START Data extract
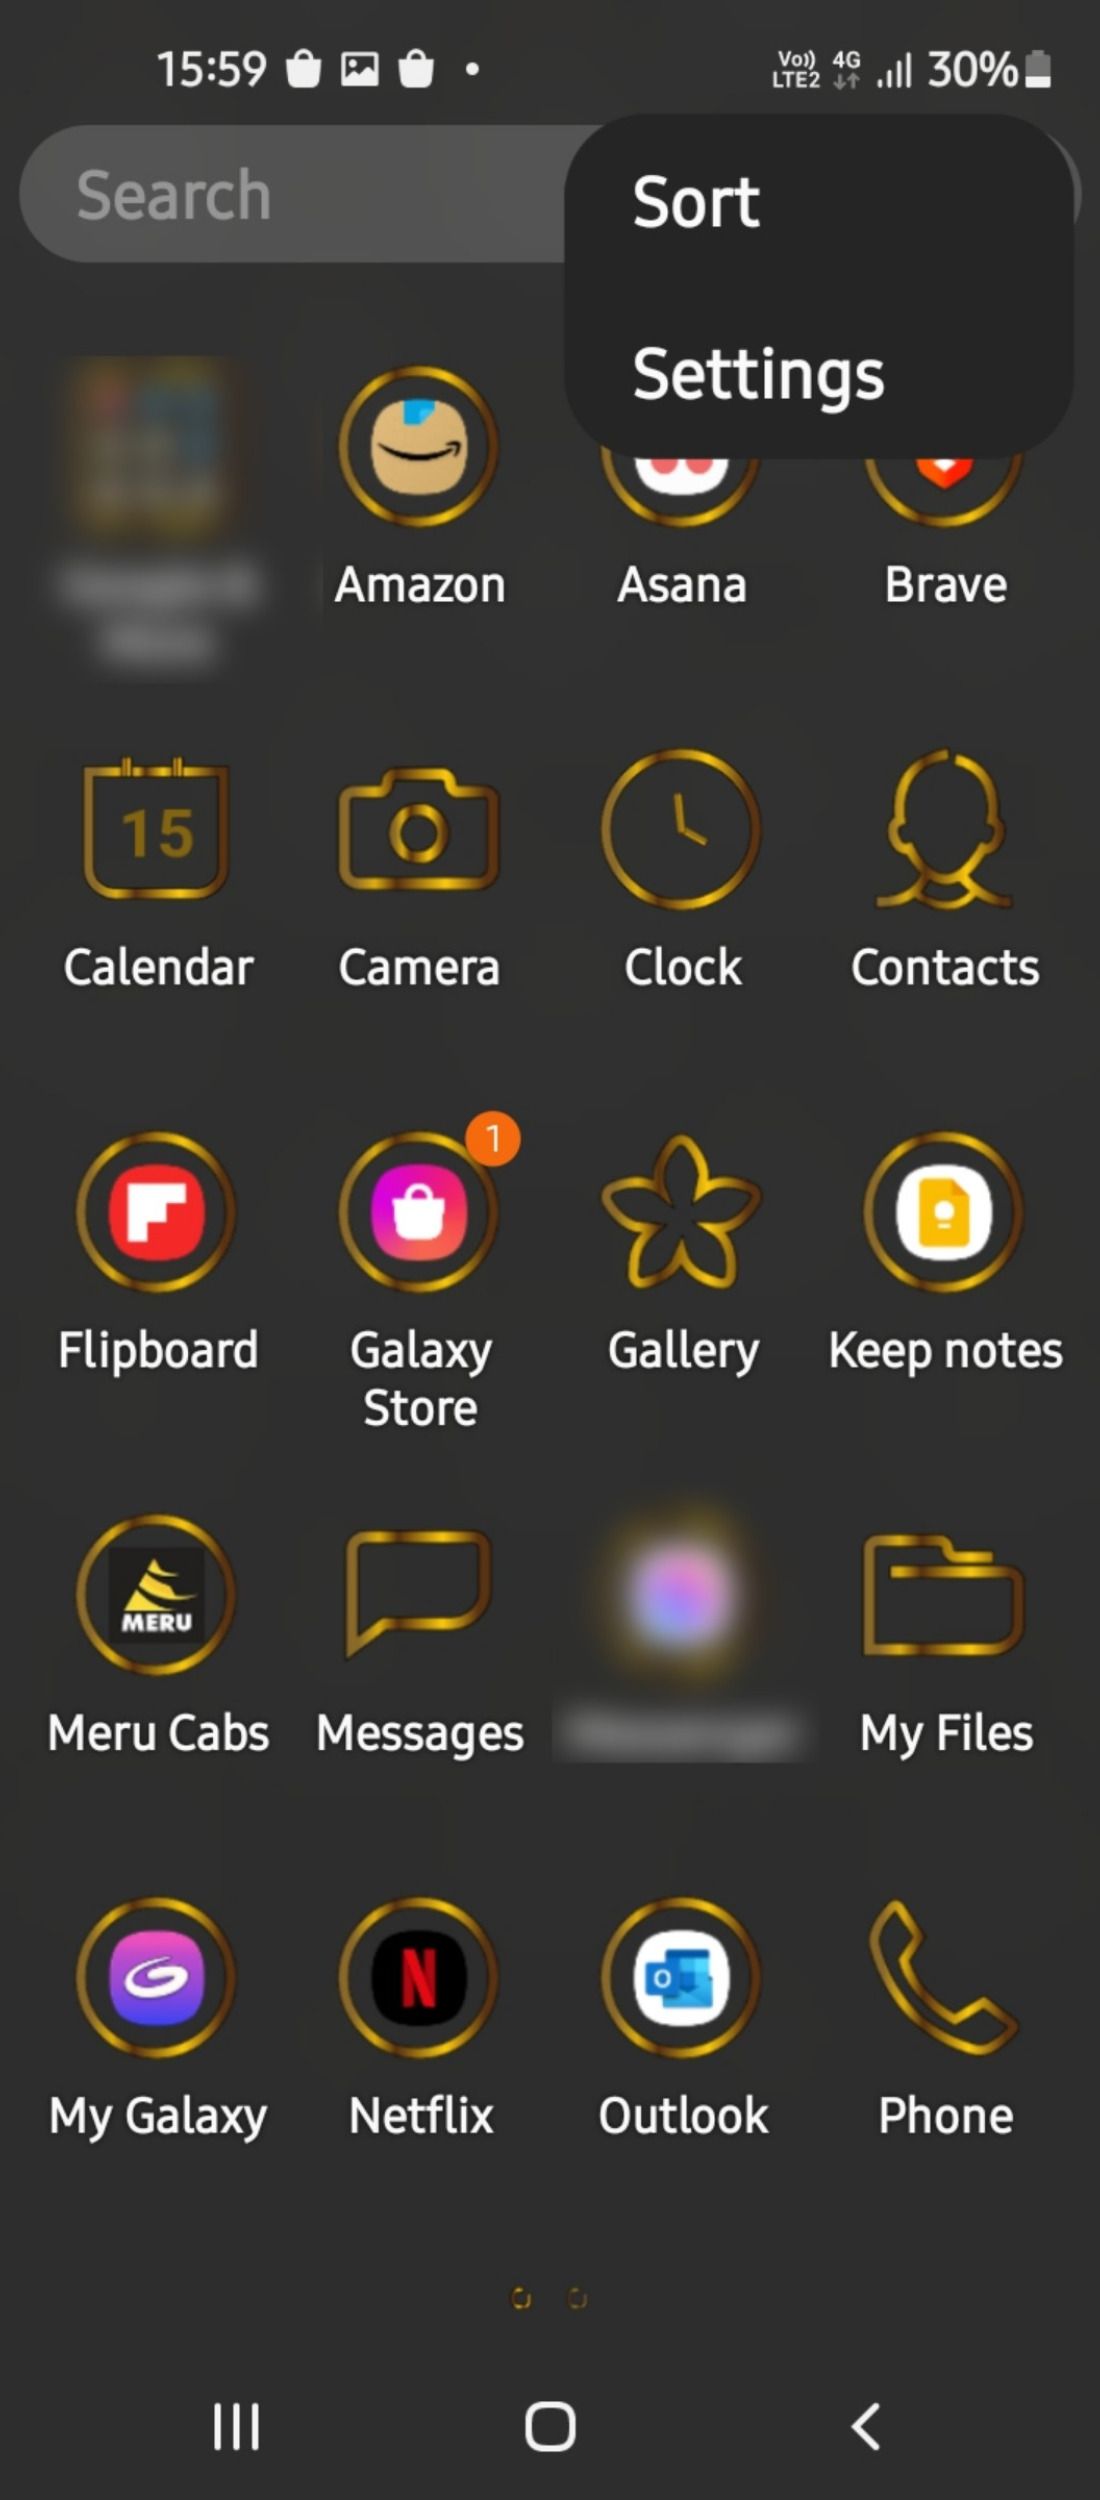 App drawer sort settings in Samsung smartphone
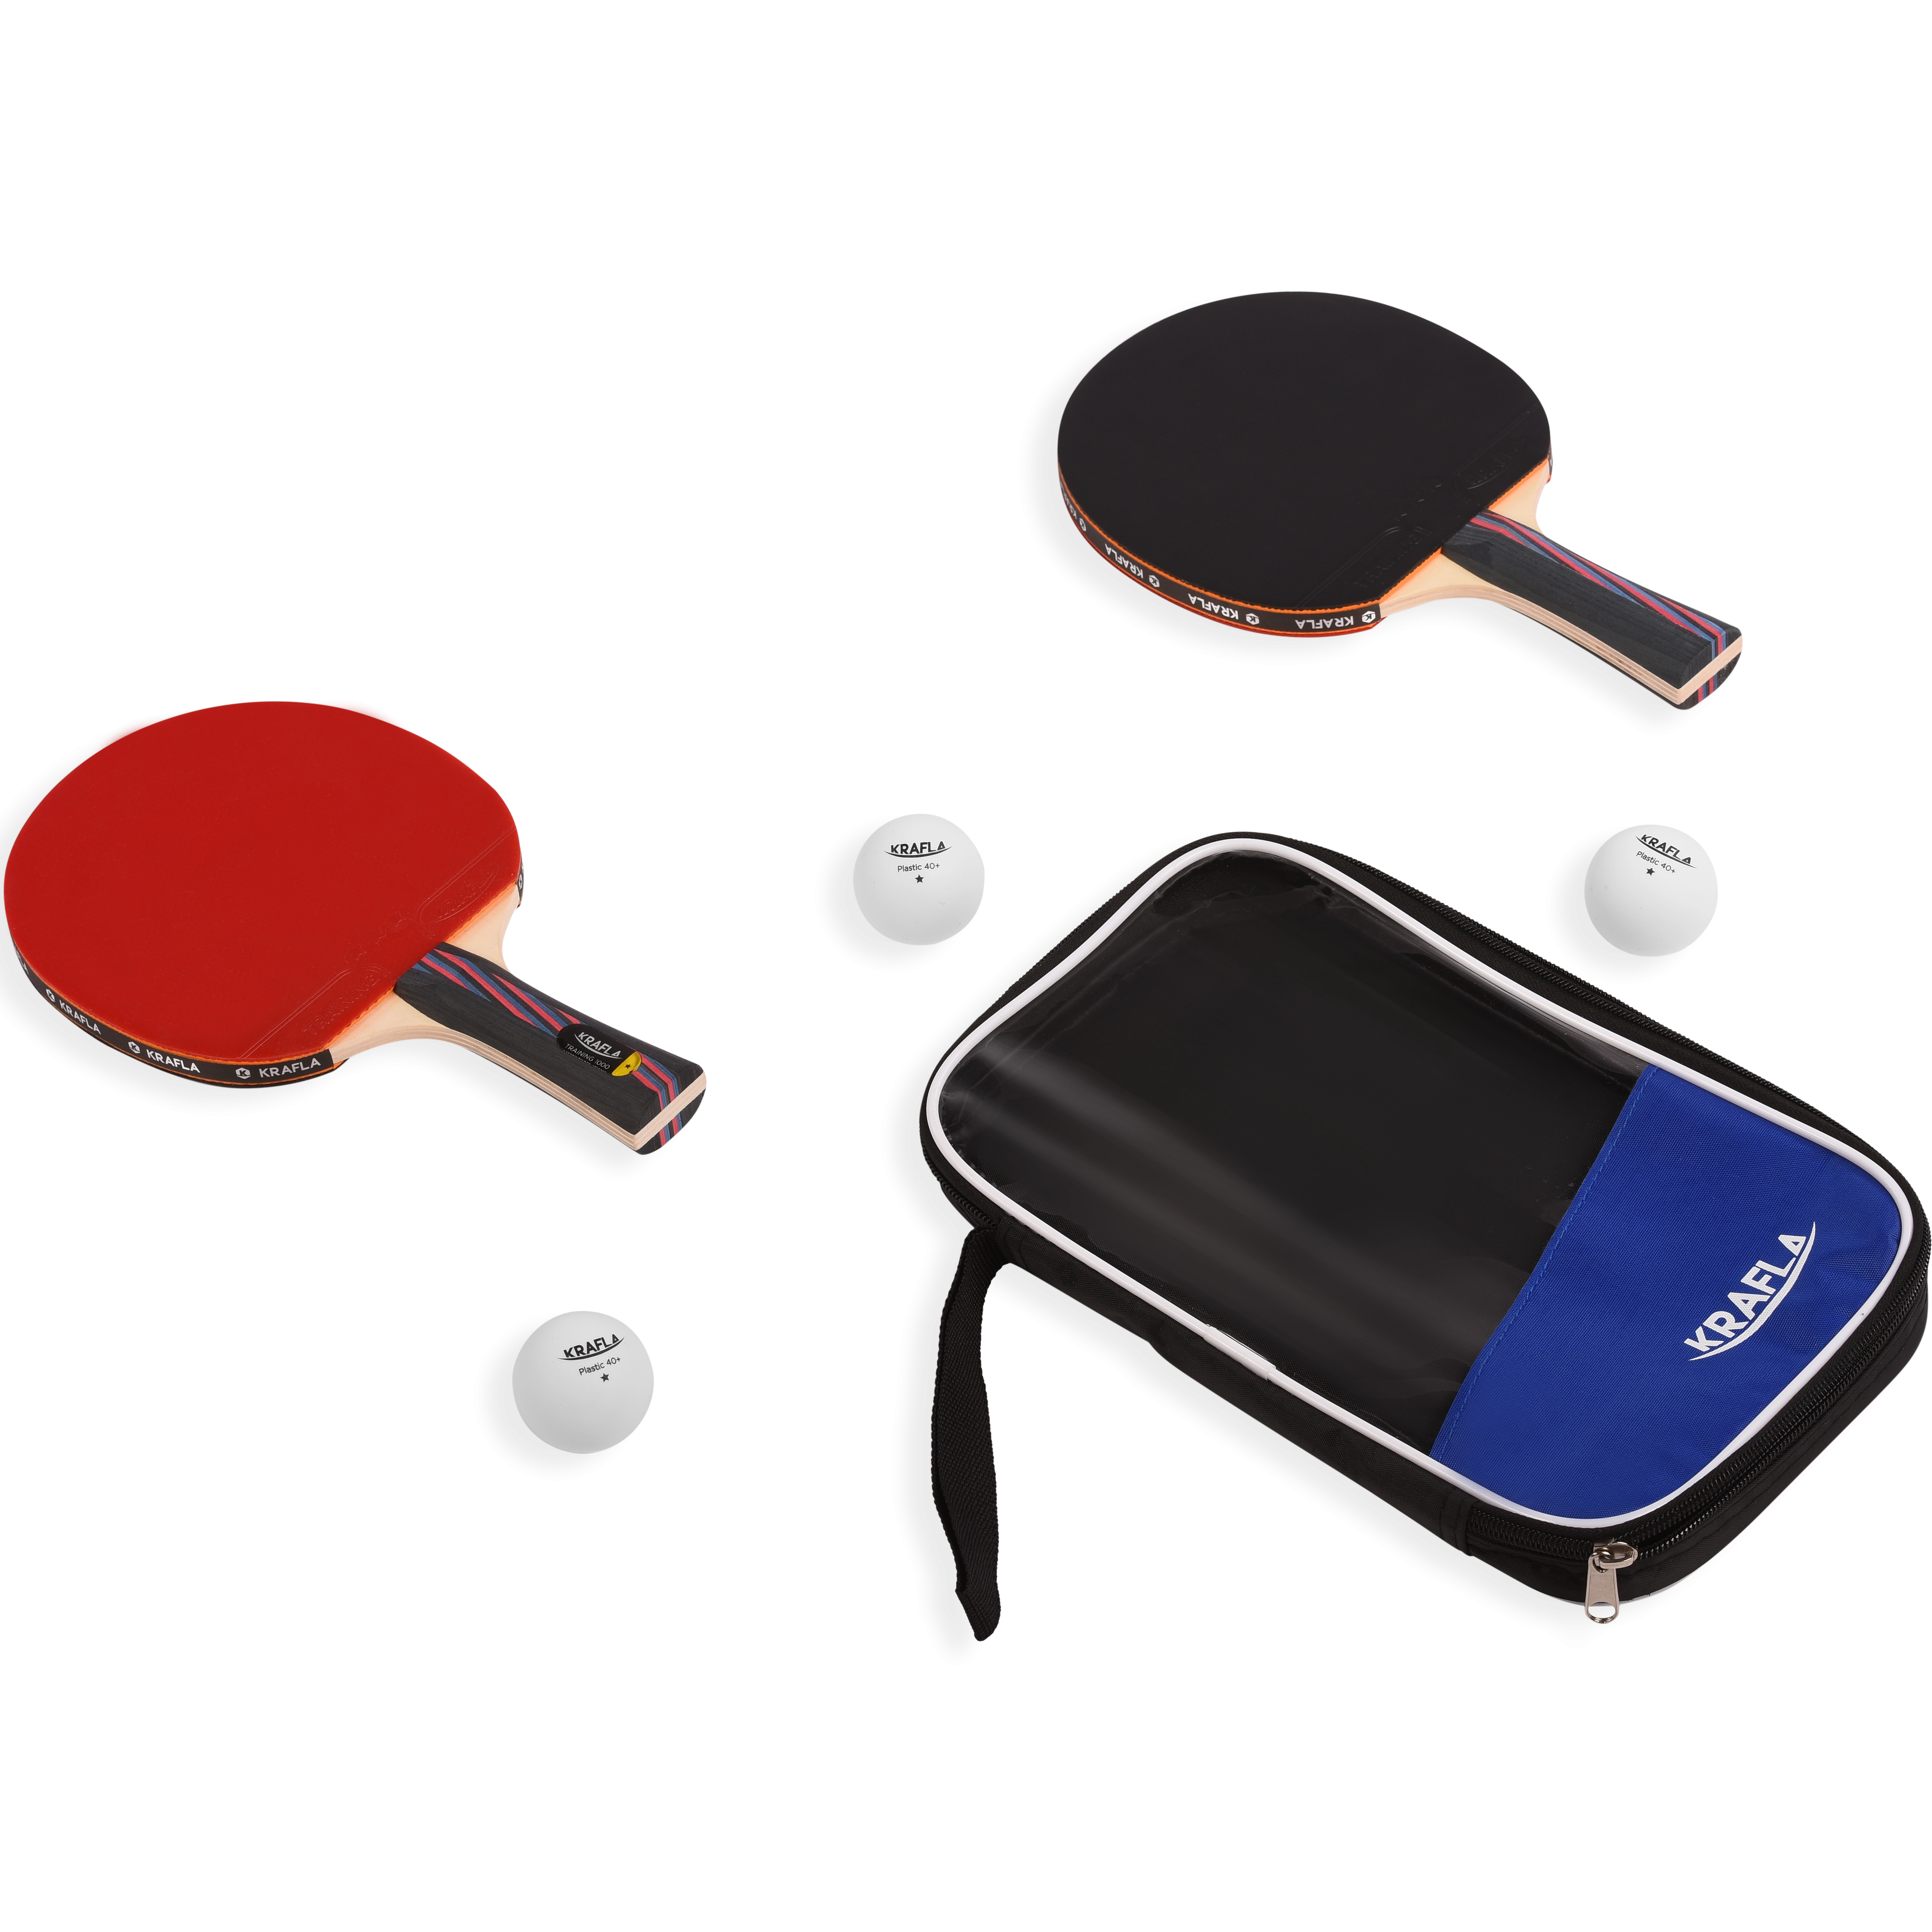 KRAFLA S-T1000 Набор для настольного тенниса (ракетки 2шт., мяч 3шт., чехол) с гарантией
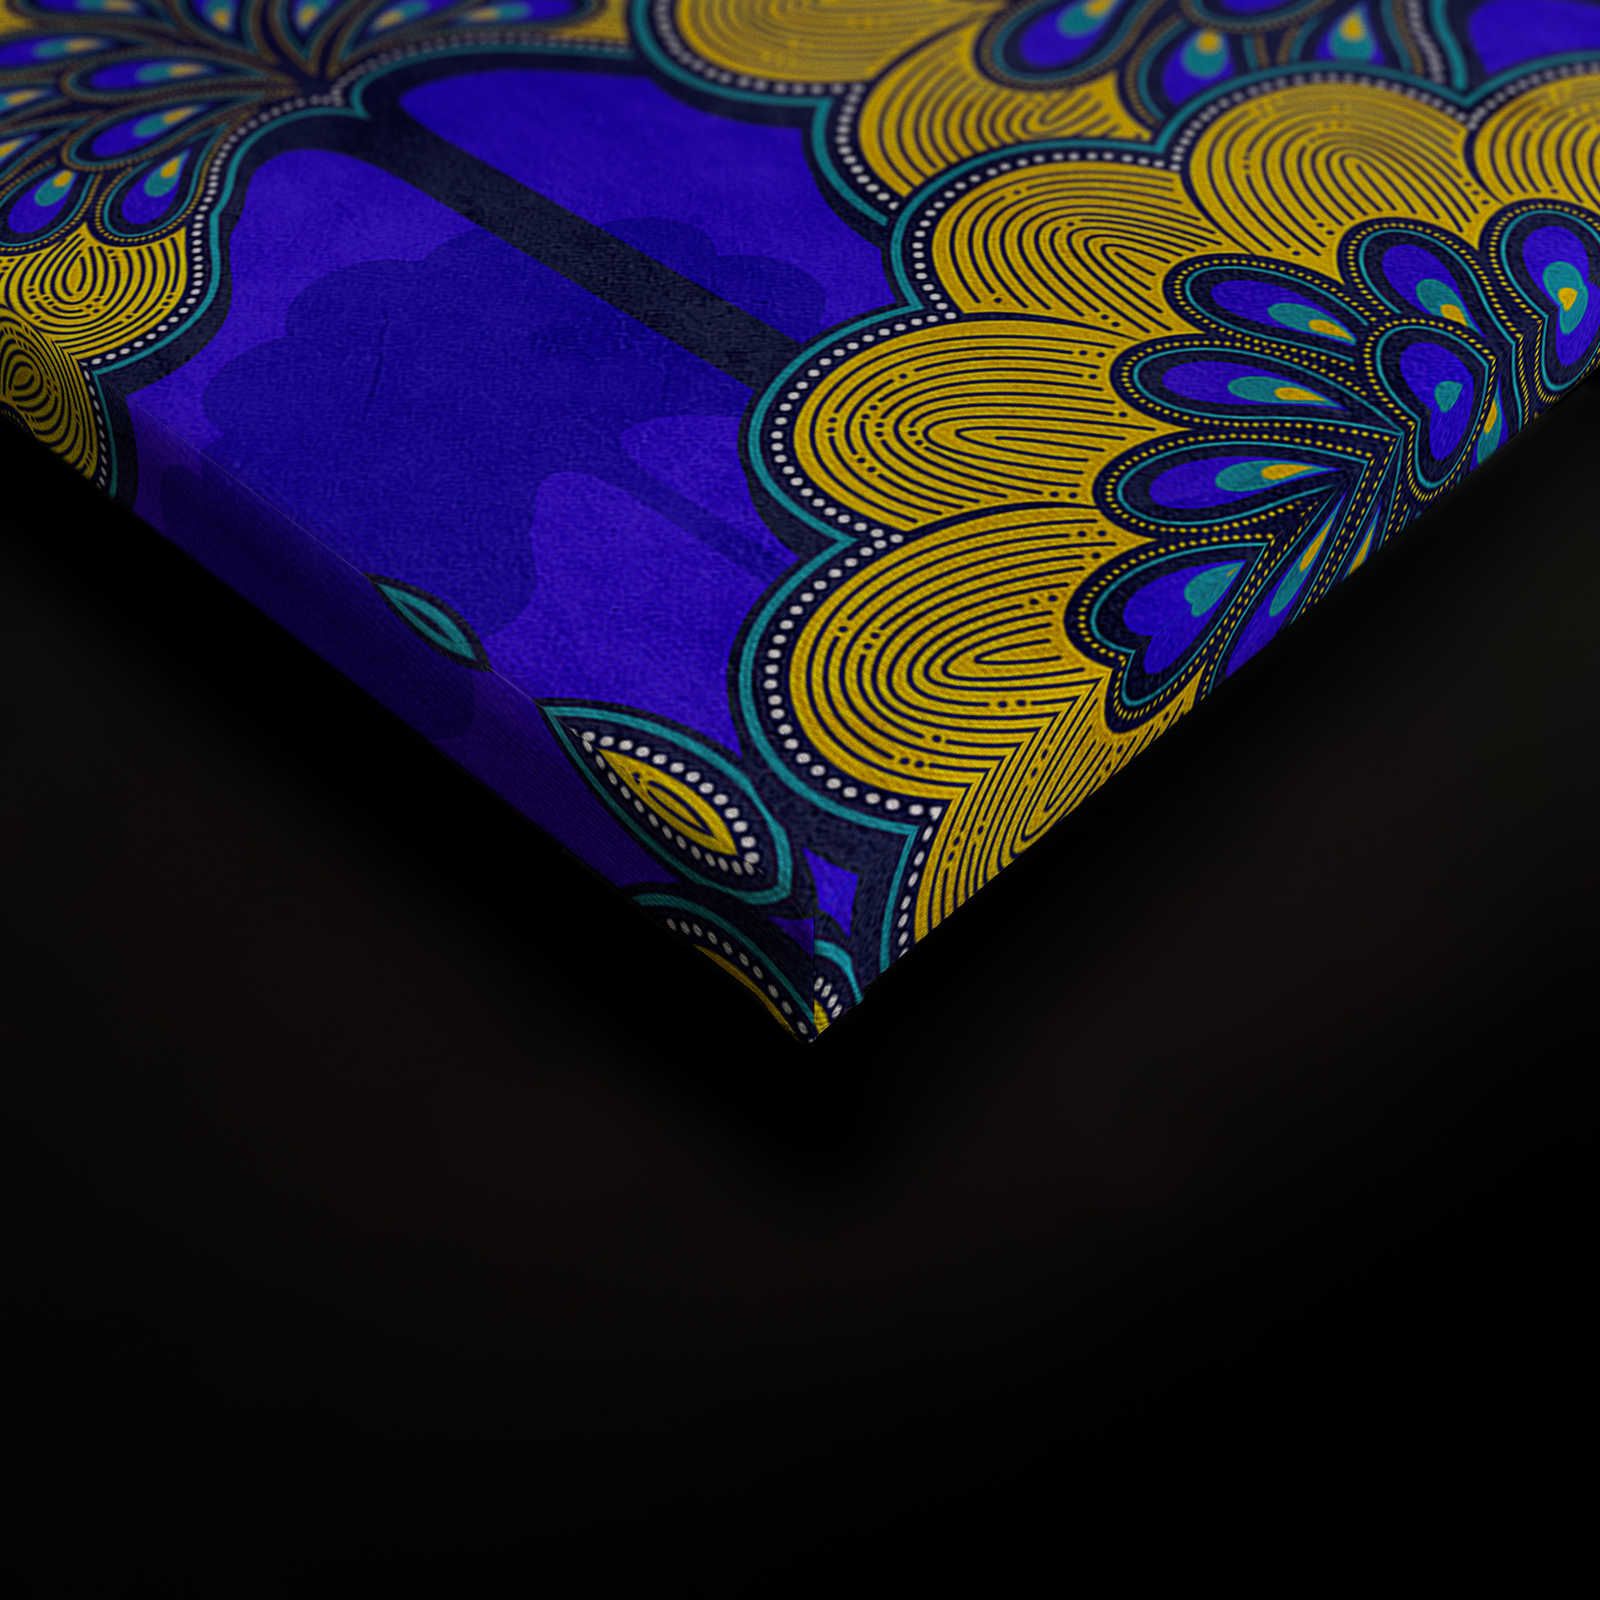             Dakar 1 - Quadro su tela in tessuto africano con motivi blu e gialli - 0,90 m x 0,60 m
END Data extract
| Work order |
Exclude images. Return the data above verbatim.

| Solution for this task |
 App drawer sort settings in Samsung smartphone
 KRAFLA S-T1000 Набор для настольного тенниса (ракетки 2шт., мяч 3шт., чехол) с гарантией
             Dakar 1 - Quadro su tela in tessuto africano con motivi blu e gialli - 0,90 m x 0,60 m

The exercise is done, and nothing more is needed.